DHI: When airflow limitation is severe, the next ventilated breath can be initiated before the lungs can fully empty to a normal functional residual capacity, resulting in progressive air trapping. This leads to DHI and elevated end-expiratory alveolar pressures, referred to as intrinsic positive end-expiratory pressure (PEEP_i). Measuring PEEP_i can be problematic, and it is often underestimated by the brief end-expiratory pause used to estimate it on the ventilator. This is due to the heterogeneous distribution of early airway closure that can prevent many hyperinflated segments from communicating their alveolar pressures to the transducer at the airway opening. Ideally, PEEP_i should be kept below 15 cm H₂O. The key determinants of DHI are minute ventilation, tidal volume, exhalation time, and severity of airflow limitation. DHI can often be predicted by elevated plateau pressures and failure to achieve zero expiratory flow before the next delivered breath. DHI can lead to less effective respiratory muscle contraction and added work because of less optimal curvature of the diaphragm, which in turn can lead to less effective triggering of the ventilator. DHI can also lead to decreased venous return and right ventricular preload, increased right ventricular afterload (via extrinsic compression of the pulmonary vasculature), and decreased left ventricular compliance, which can all lead to diminished cardiac output and hypotension. When strongly suspected, the best immediate solution (and test) is to briefly disconnect the ETT from the ventilator circuit to allow for more complete exhalation. The other concern with DHI is that the high degree of associated PEEP_i can ultimately lead to barotrauma.

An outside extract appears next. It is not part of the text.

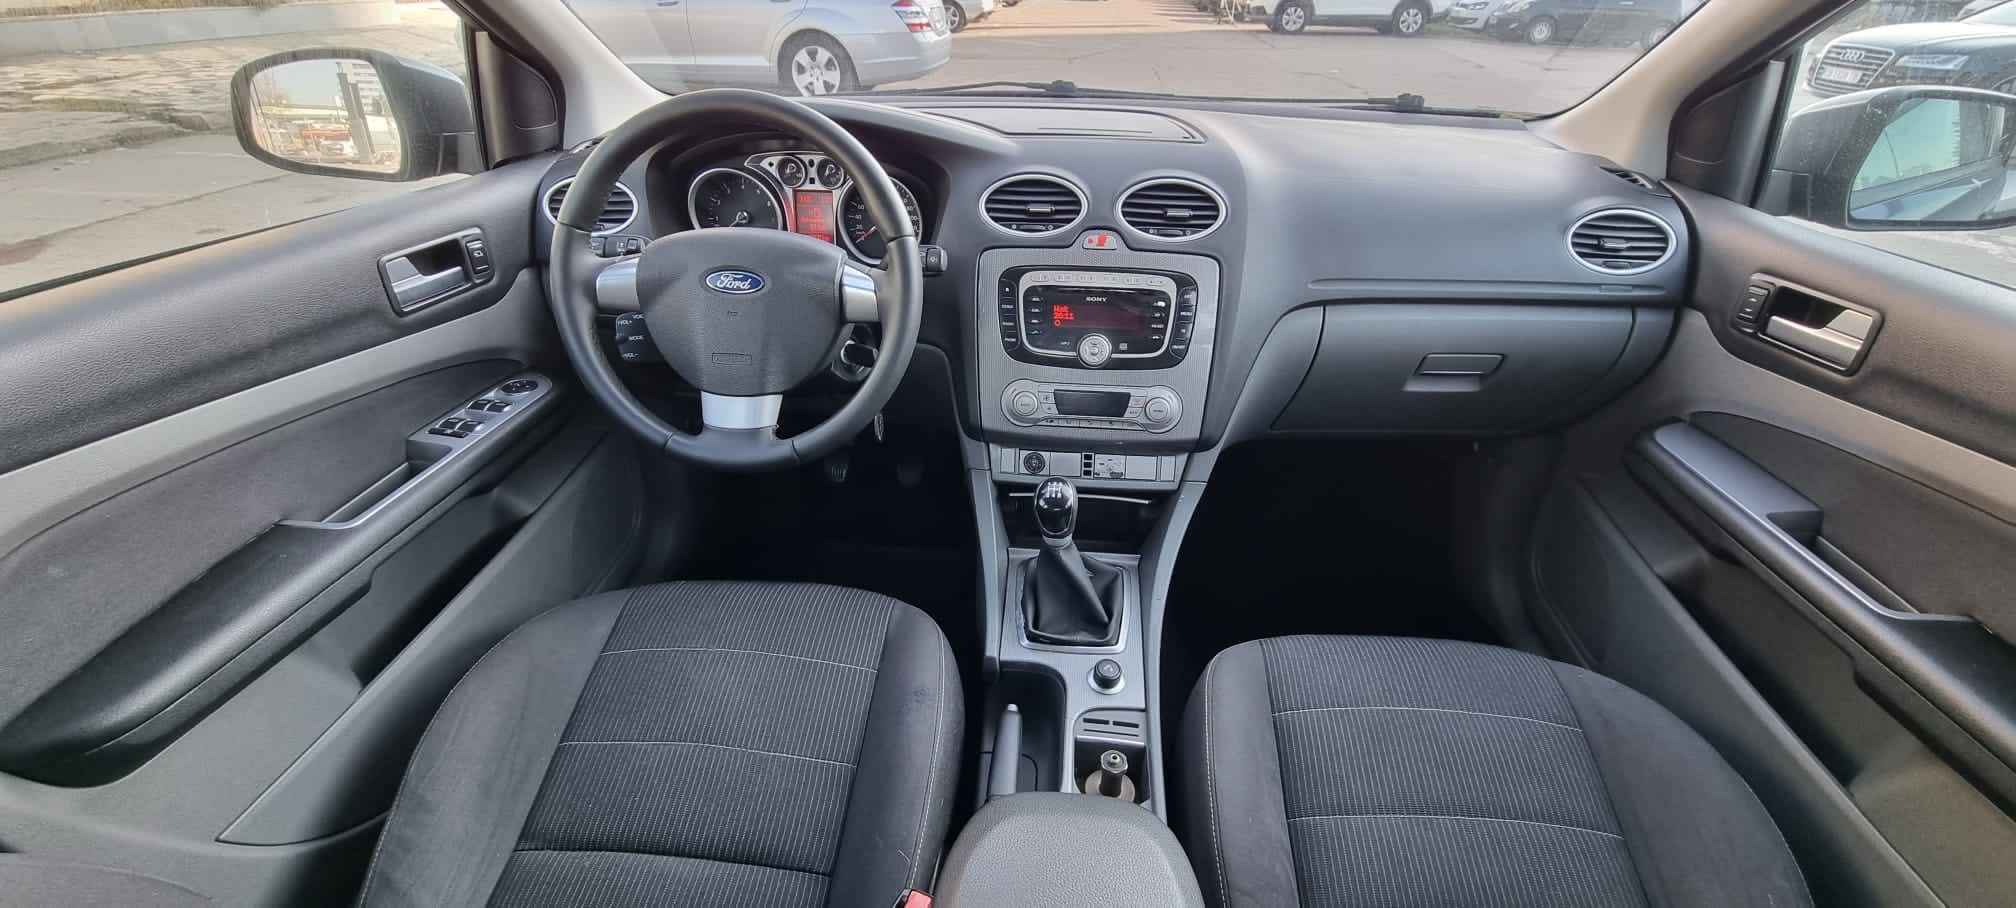 Ford Focus 1.8i Gas

Barotrauma: High airway pressures can potentially lead to pulmonary interstitial emphysema, subcutaneous emphysema, pneumomediastinum, pneumothorax, and even pneumoperitoneum. Barotrauma correlates directly with the degree of DHI. Plateau pressures are traditionally thought to be a good indicator of the degree of DHI, and a level below 35 cm H₂O is still a widely recommended target for minimizing barotrauma. However, one study has shown that elevated end-inspiratory lung volume (the exhaled volume measured from end inspiration to the relaxation volume during a period of apnea) may be a more reliable predictor of barotrauma than are airway pressures. The most feared consequence of barotrauma is tension pneumothorax, typically characterized by a precipitous rise in airway pressures (peak and plateau), a drop in oxygen saturation, hypotension, tachycardia, unilaterally absent breath sounds and chest excursions, and possibly tracheal deviation. Tension pneumothorax is a clinical diagnosis and, if strongly suspected in a patient in unstable condition, should be treated immediately with needle thoracotomy followed by chest tube placement. Fatal air embolism may also occur because of barotrauma.

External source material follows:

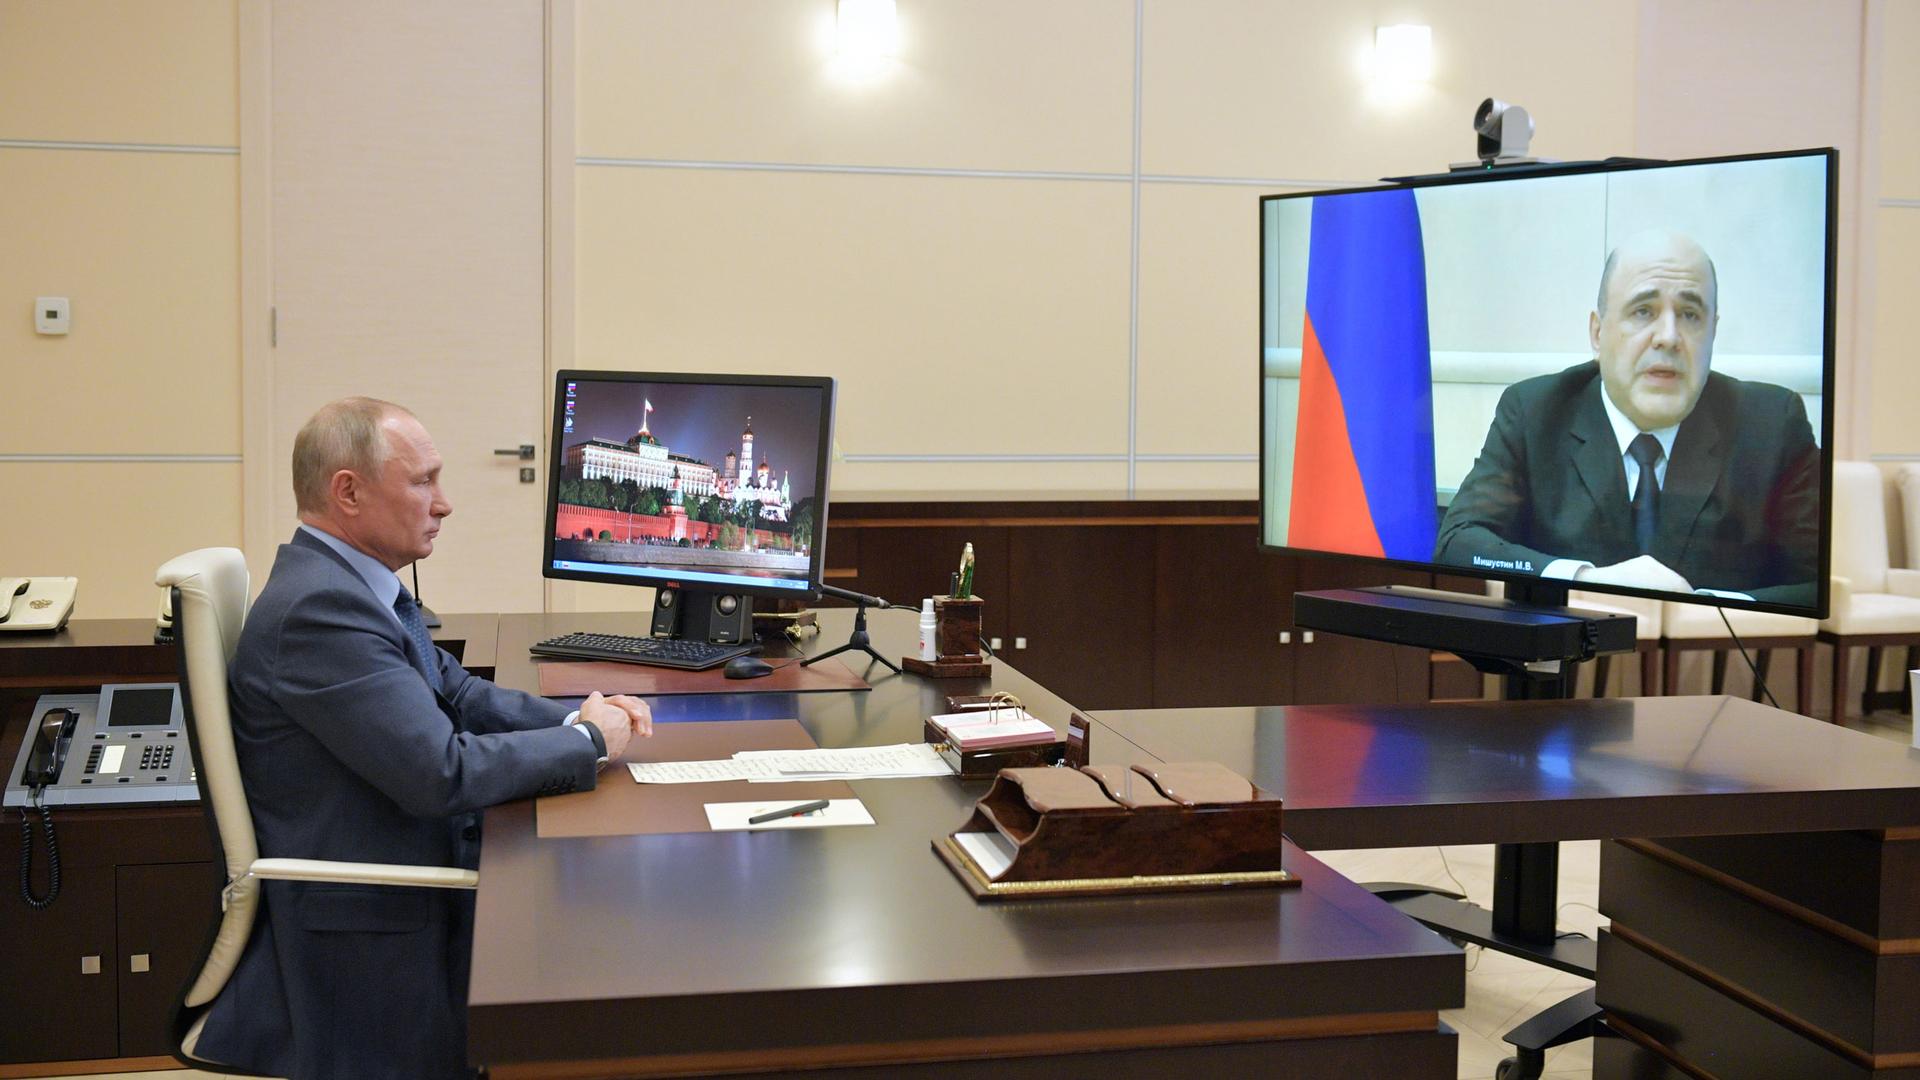 A man at a desk looks at a man on large screen

Ventilator settings in asthma (Box 21-2): The best mode of ventilation is one that minimizes minute ventilation and allows for sufficient exhalation time to minimize DHI, while trying to maintain oxygen saturation > 92% (use 100% oxygen initially). This can generally be achieved with low tidal volumes of 6 to 8 mL/kg, a respiratory rate of 8 to 10 breaths/min, minimal added PEEP, and moderate inspiratory flow rates of 80 to 90 L/min. Decelerating flow waveforms may improve overall flow distribution and hence optimize gas exchange. Higher inspiratory flow rates with square waveforms allow for a shorter inspiratory time and hence, at the same respiratory rate, a longer expiratory time. It is the longer expiratory time, and not just the inspiratory-to-expiratory ratio, that is critical to limiting DHI. Lowering total minute ventilation is the most crucial goal, because a longer expiratory time and smaller burden of volume to be exhaled are what minimize DHI. Intentional hypoventilation with low minute volumes can significantly reduce the risk of DHI and barotrauma. Thus allowing for a maximum PaCO₂ of 80 mm Hg or a minimum pH of 7.20 is a safe and acceptable practice when performing ventilation in patients with severe airflow limitation. However, because an elevated PaCO₂ can increase cerebral perfusion, such use of “permissive hypercapnea” should be avoided in patients with intracranial bleeding, edema, or space-occupying brain lesions.